Among the most significant findings in GHK-Cu research is its documented influence on gene expression at scale. Published genomic studies using gene expression analysis have documented GHK-Cu’s ability to modulate the expression of over 4,000 human genes — including genes involved in collagen synthesis, antioxidant defense, anti-inflammatory pathways, DNA repair mechanisms, and neurological function. Research has identified GHK-Cu as a potent activator of the Nrf2 pathway — a master regulator of antioxidant and cytoprotective gene expression — making it a compound of significant interest in oxidative stress and cellular protection research models.

The extracellular matrix (ECM) is the structural scaffold that surrounds and supports cells in all tissues. ECM remodeling — the dynamic process of breaking down and rebuilding this scaffold — is fundamental to tissue repair, wound healing, and cellular homeostasis. Published research on GHK-Cu has extensively documented its role in ECM remodeling, specifically its ability to stimulate the synthesis of collagen, elastin, and glycosaminoglycans while simultaneously activating matrix metalloproteinases (MMPs) responsible for clearing damaged ECM components. This dual action — promoting new matrix synthesis while clearing damaged matrix — has made GHK-Cu one of the most studied compounds in wound healing and dermatological research literature.

The characteristic blue color of GHK-Cu lyophilized powder is a direct physical consequence of the copper(II) ion complex. Copper(II) ions absorb light in the orange-red spectrum, producing the blue-green appearance observed in copper-containing compounds. This is a defining physical characteristic of the compound — not a contamination indicator or quality concern. Authentic, high-purity GHK-Cu will always present as a blue to blue-green lyophilized solid. A white or colorless powder would indicate absence of the copper complex and should be treated as a quality concern.

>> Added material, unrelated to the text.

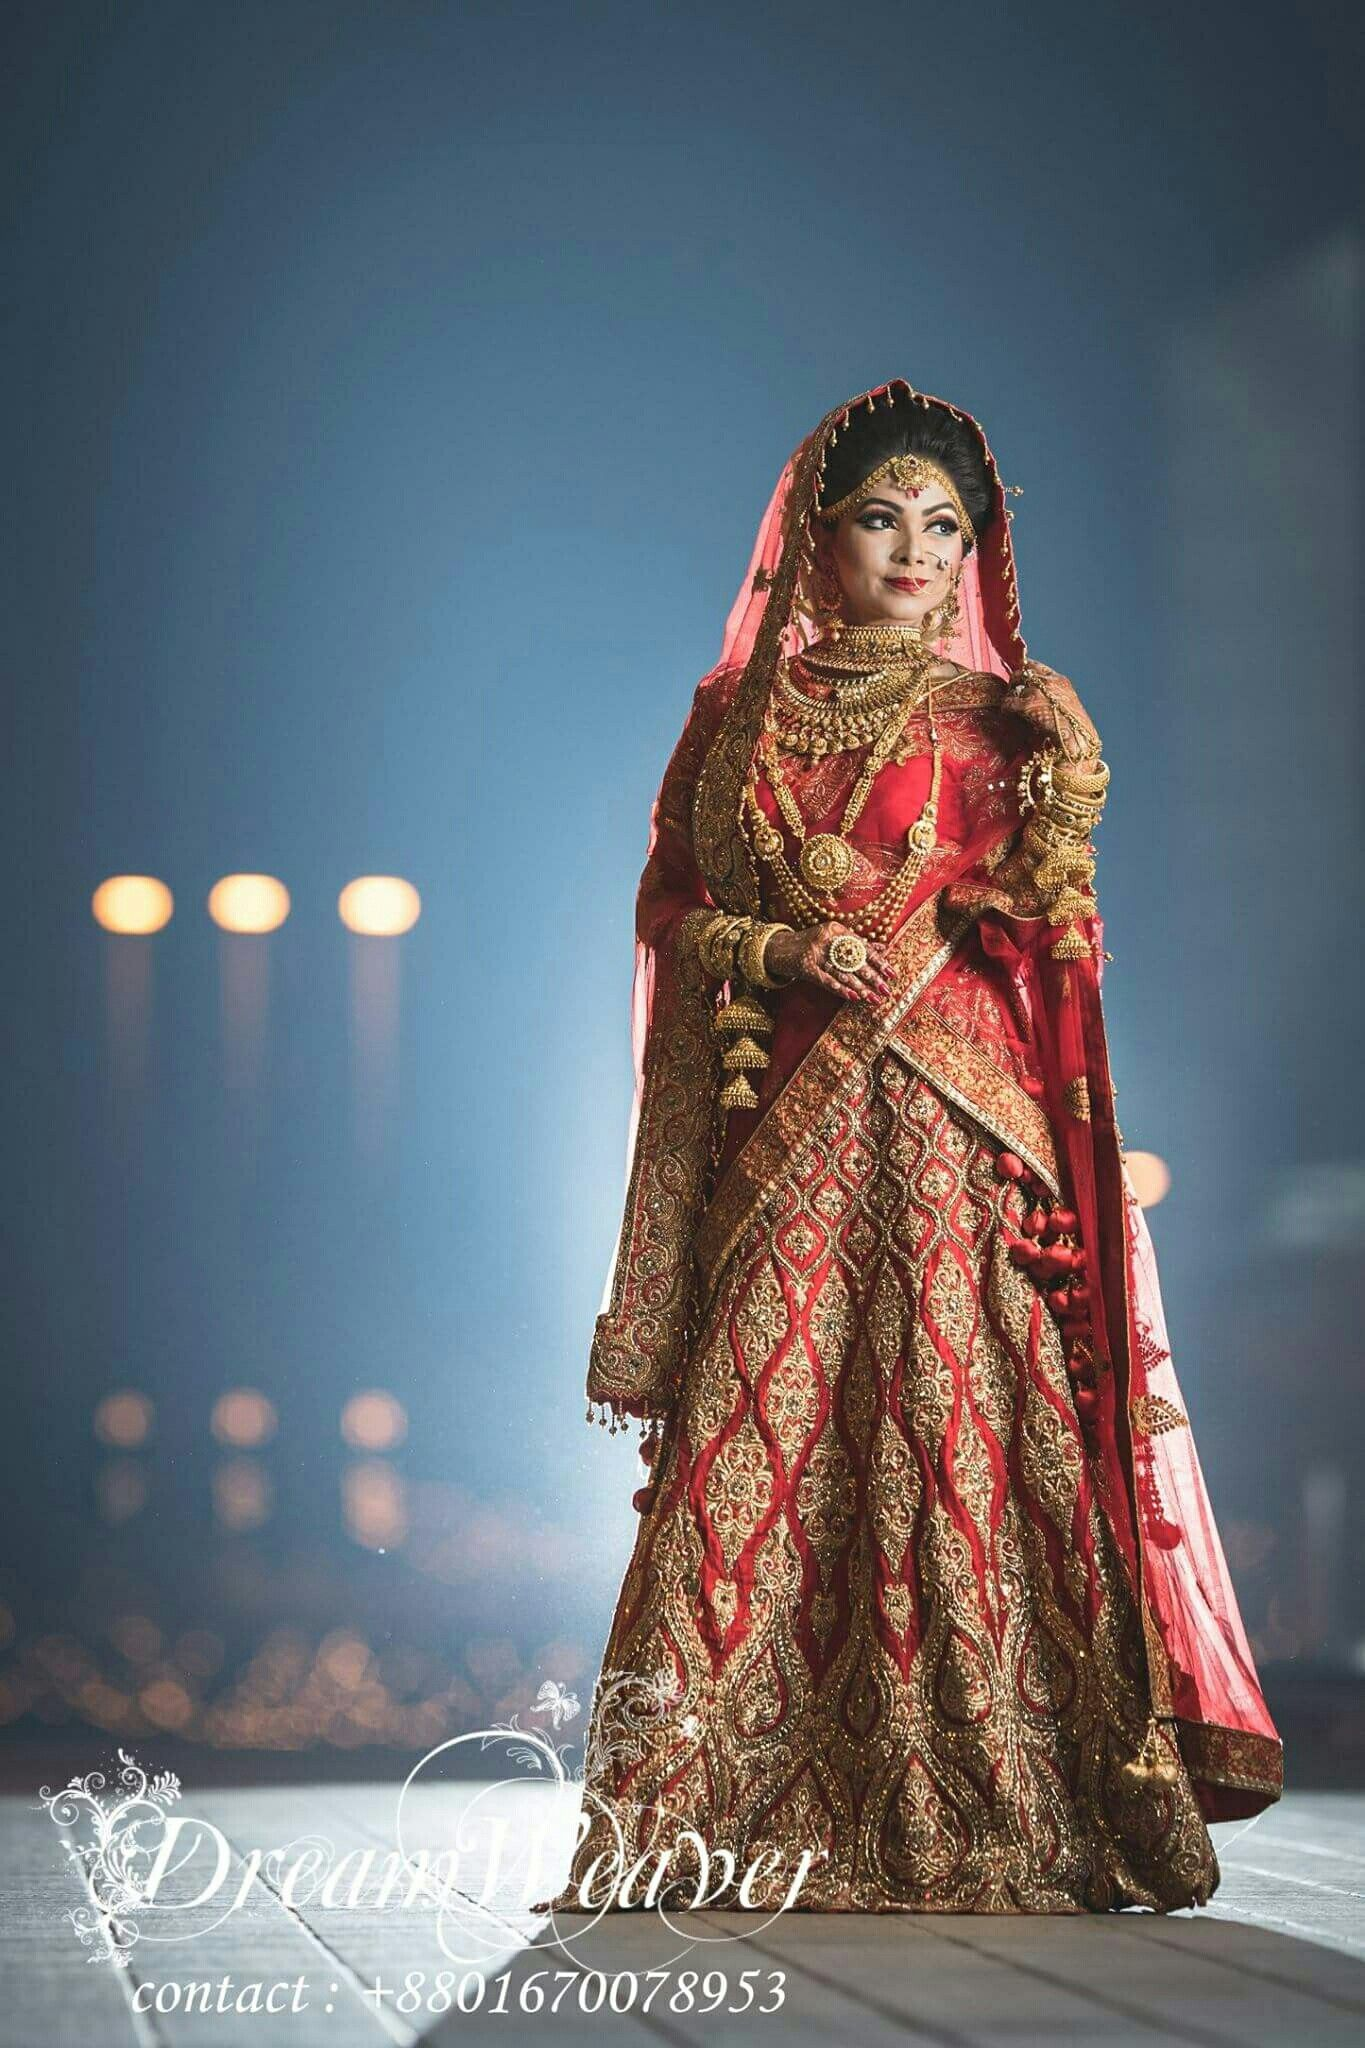 Pin by Bambhaniya Kajal on mahi style ((Bridal)) | Pinterest ...
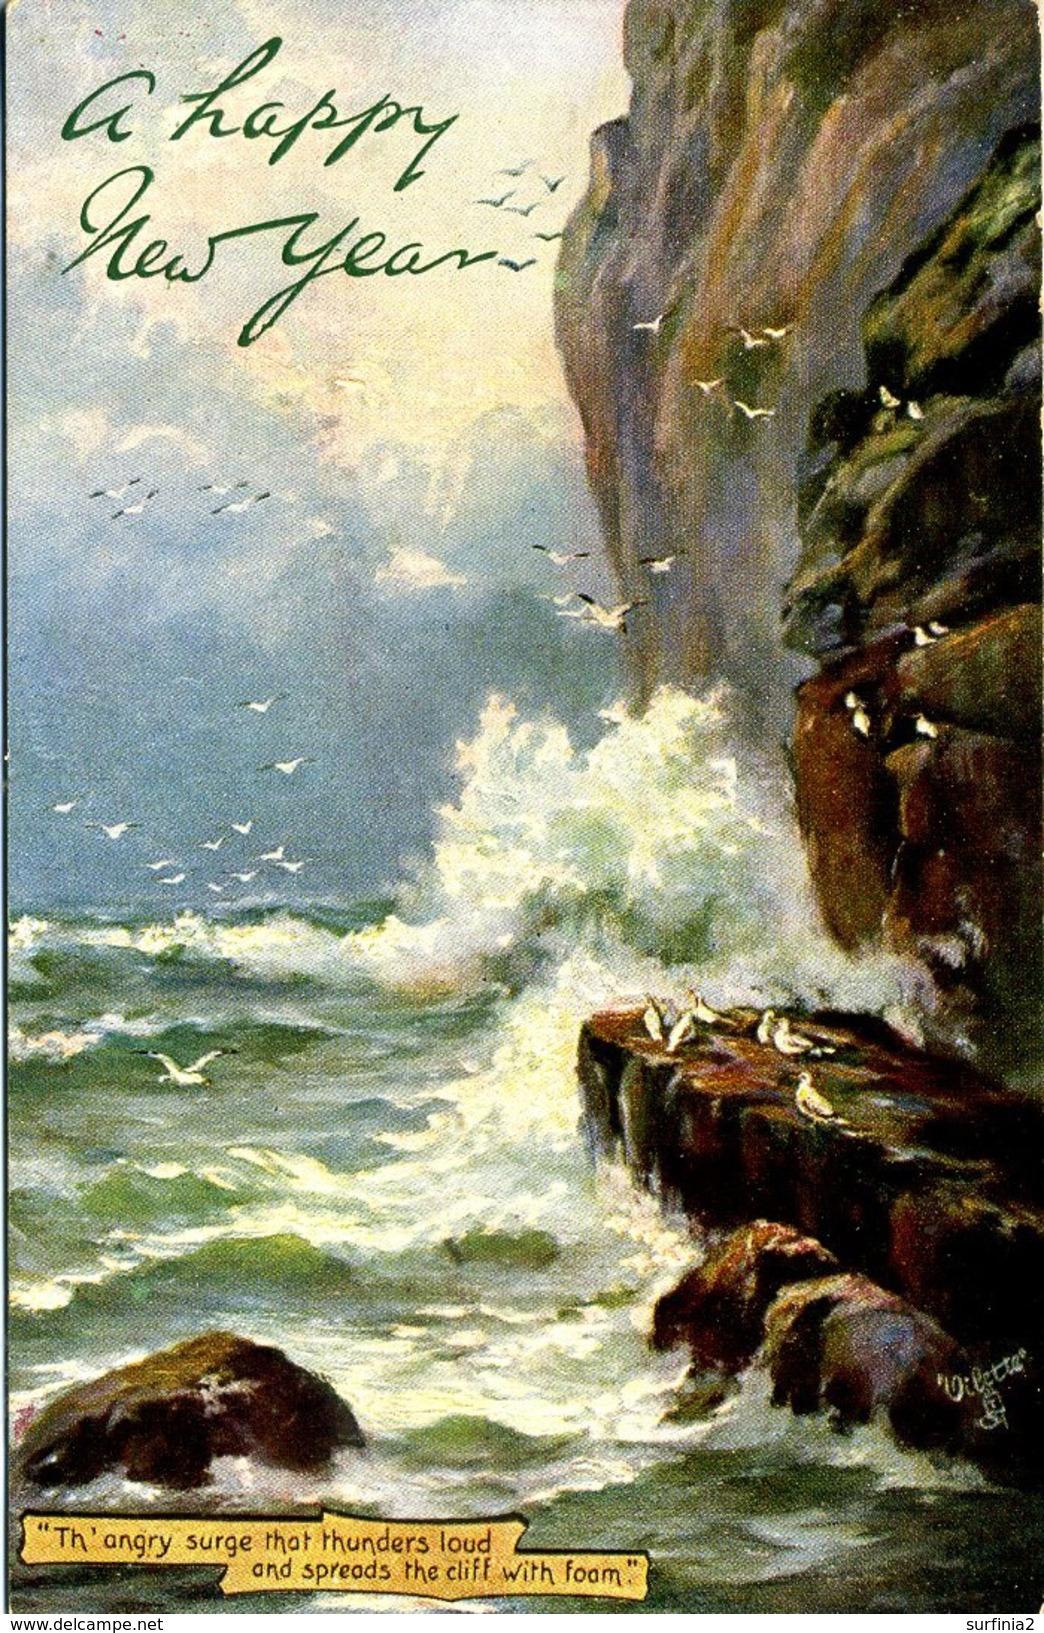 TUCKS OILETTE 9090 - ROUGH SEAS - A HAPPY NEW YEAR - New Year

GHK-Cu has a molecular formula of C₁₄H₂₄CuN₆O₄ and a molecular weight of approximately 403.9 Daltons. The compound consists of a three amino acid sequence — glycine, histidine, and lysine — with a copper(II) ion chelated through the histidine imidazole ring and the glycine amino terminus. The copper component is not merely incidental to the compound’s structure — copper is an essential cofactor in collagen and elastin crosslinking, superoxide dismutase activity, and numerous critical enzymatic processes. Its chelation to the GHK tripeptide creates a stable complex that research has shown dramatically enhances copper bioavailability and tissue uptake compared to free copper ions, while simultaneously activating biological pathways that neither the peptide nor the copper ion activates independently.

GHK-Cu is a naturally occurring tripeptide-copper complex consisting of the amino acid sequence Glycyl-L-histidyl-L-lysine (GHK) chelated to a copper(II) ion. It was first isolated from human plasma in 1973 by researcher Loren Pickart, whose foundational work established GHK-Cu as a biologically active compound with a remarkably broad range of documented activity in laboratory research. It is found naturally in human plasma at concentrations that decline significantly with age — a pattern that has driven substantial research interest in its role in cellular maintenance and tissue homeostasis. GHK-Cu is one of the most studied naturally occurring peptide complexes in biochemistry, with over five decades of published research spanning wound healing, dermatology, oncology, neurology, and genomics.